MATERIAL PROVIDED ▸
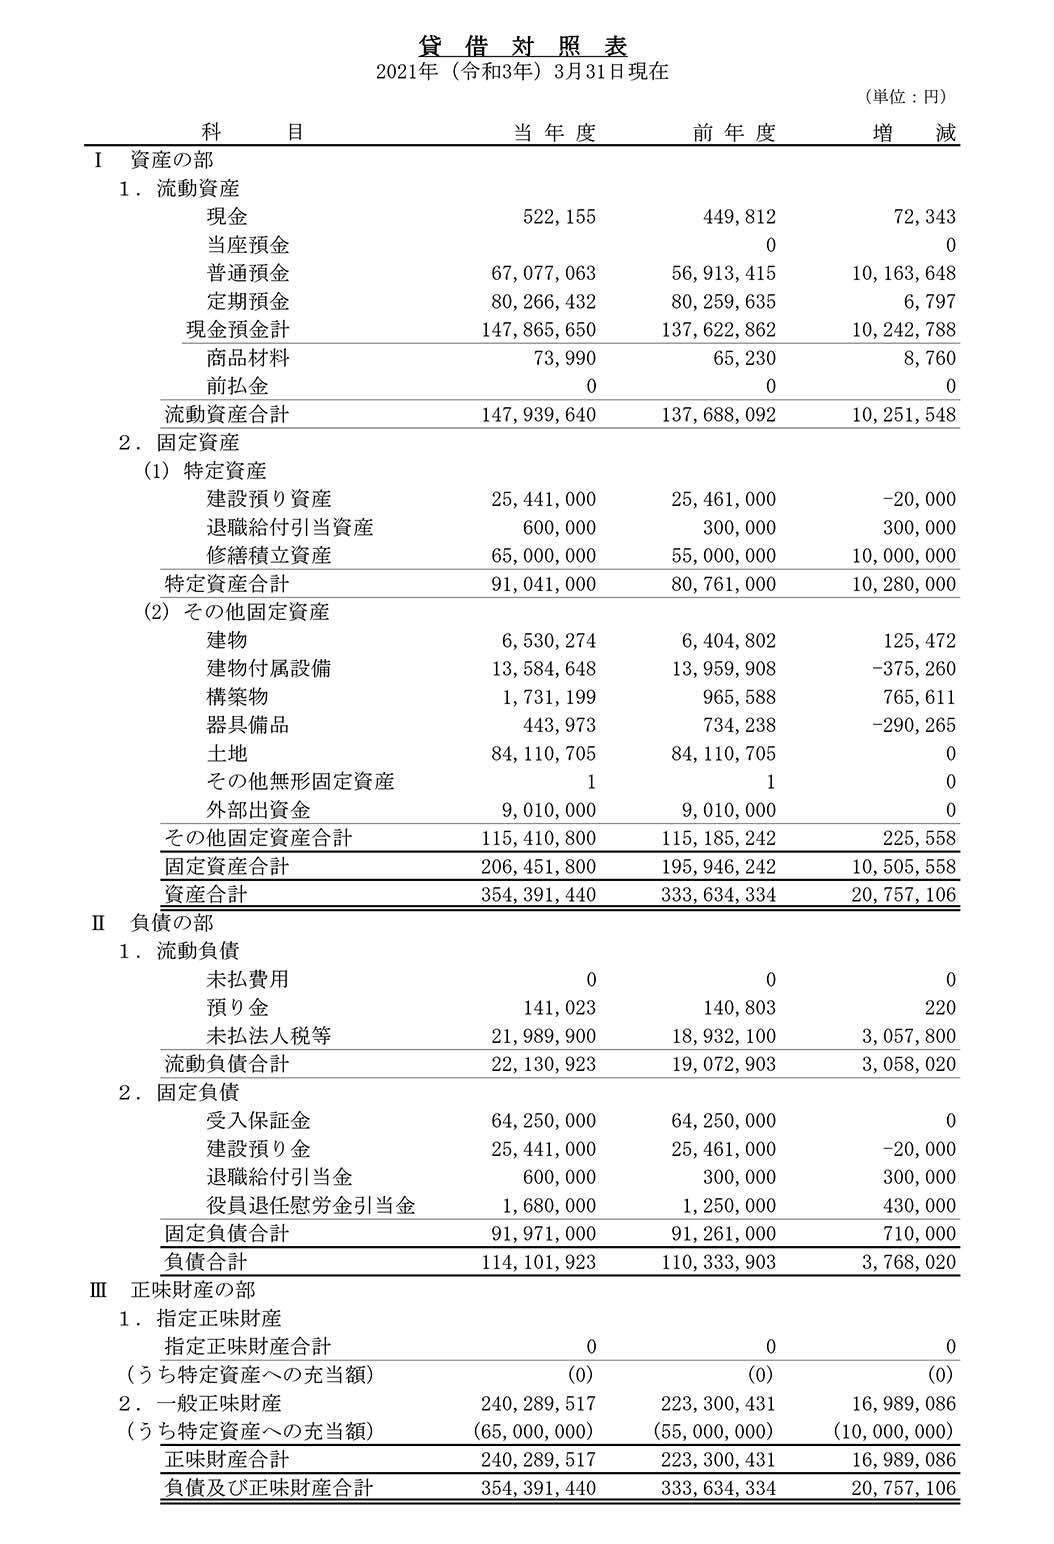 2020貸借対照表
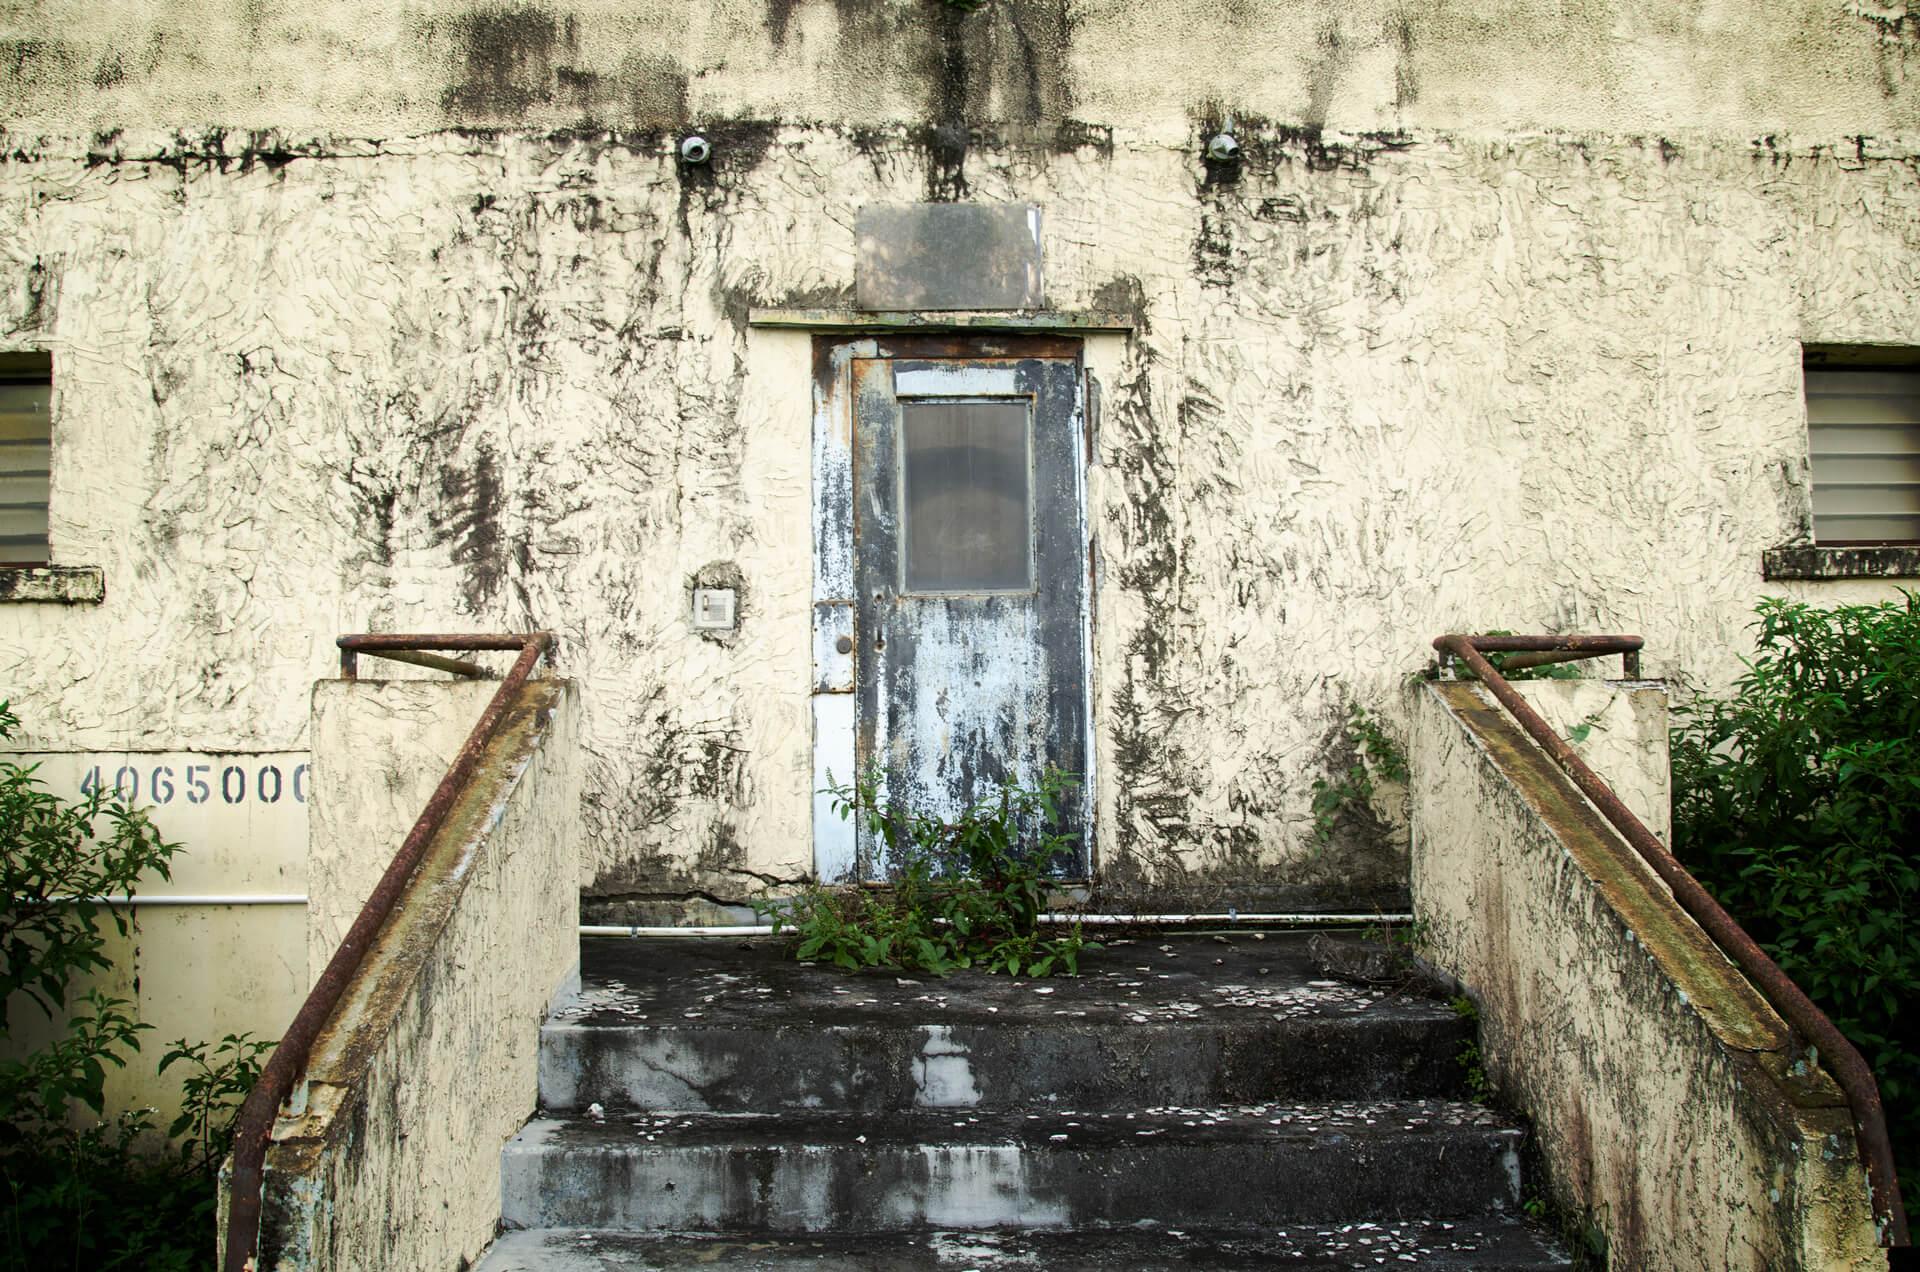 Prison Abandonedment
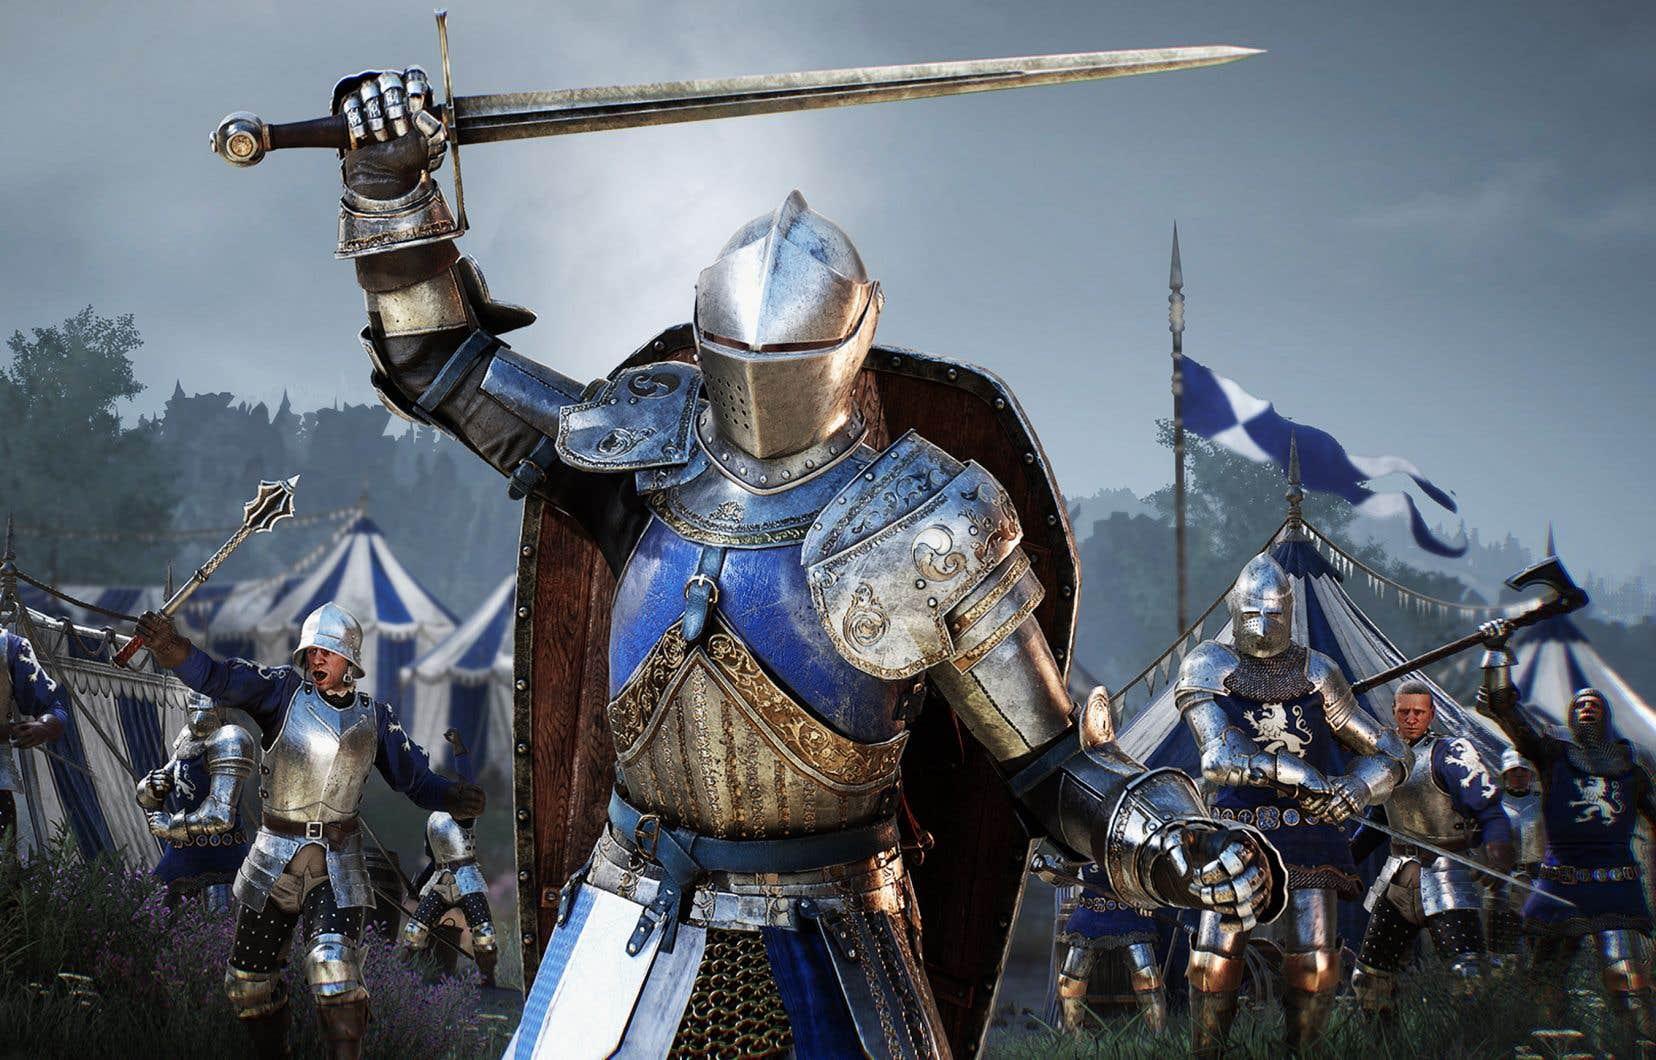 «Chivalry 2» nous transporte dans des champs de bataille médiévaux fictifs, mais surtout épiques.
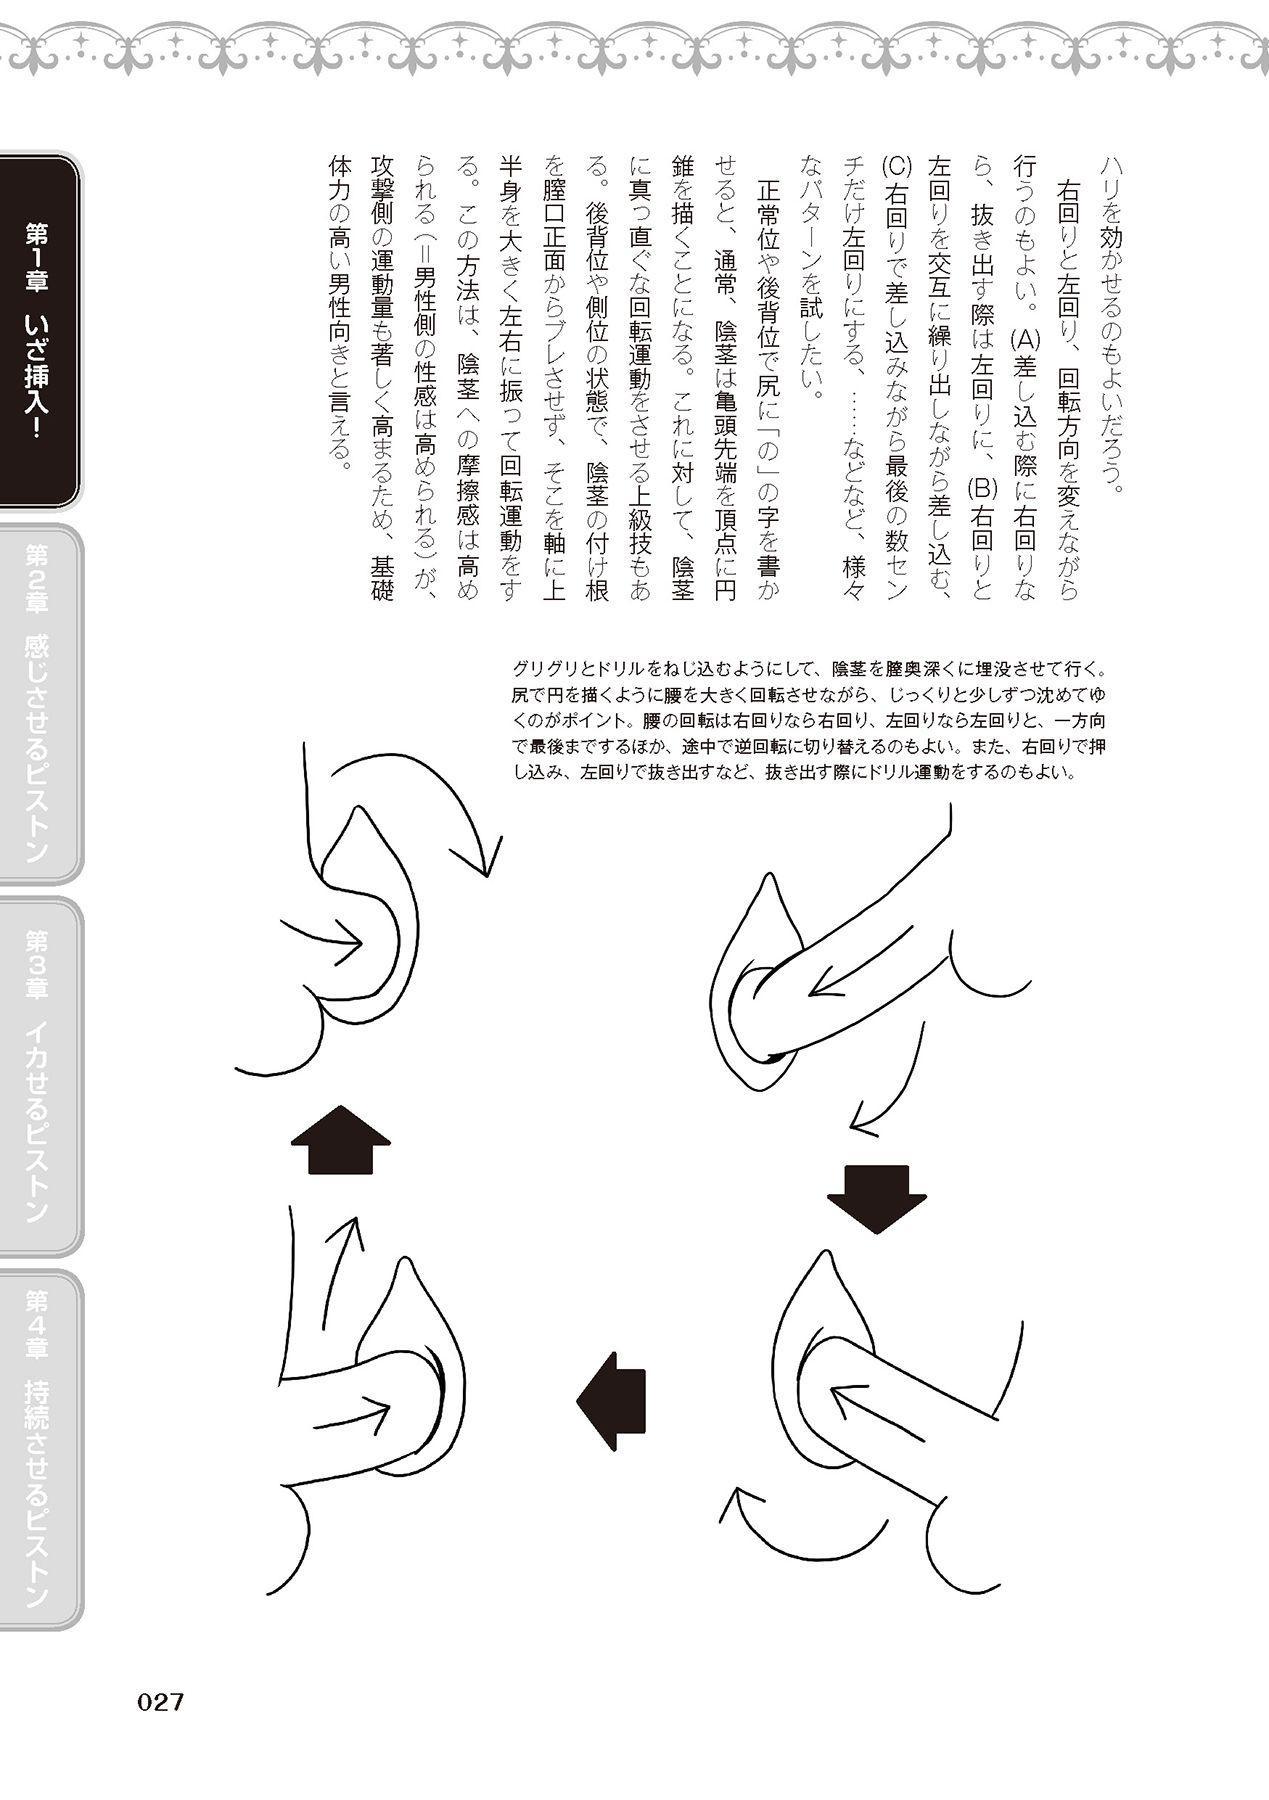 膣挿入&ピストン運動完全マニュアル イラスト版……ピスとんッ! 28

TRY IT ▸ Copy the data word for word, no pictures.

SOLUTION FOR THIS PROBLEM ▸
 2020貸借対照表
 Prison Abandonedment
 «Chivalry 2» nous transporte dans des champs de bataille médiévaux fictifs, mais surtout épiques.
 膣挿入&ピストン運動完全マニュアル イラスト版……ピスとんッ! 28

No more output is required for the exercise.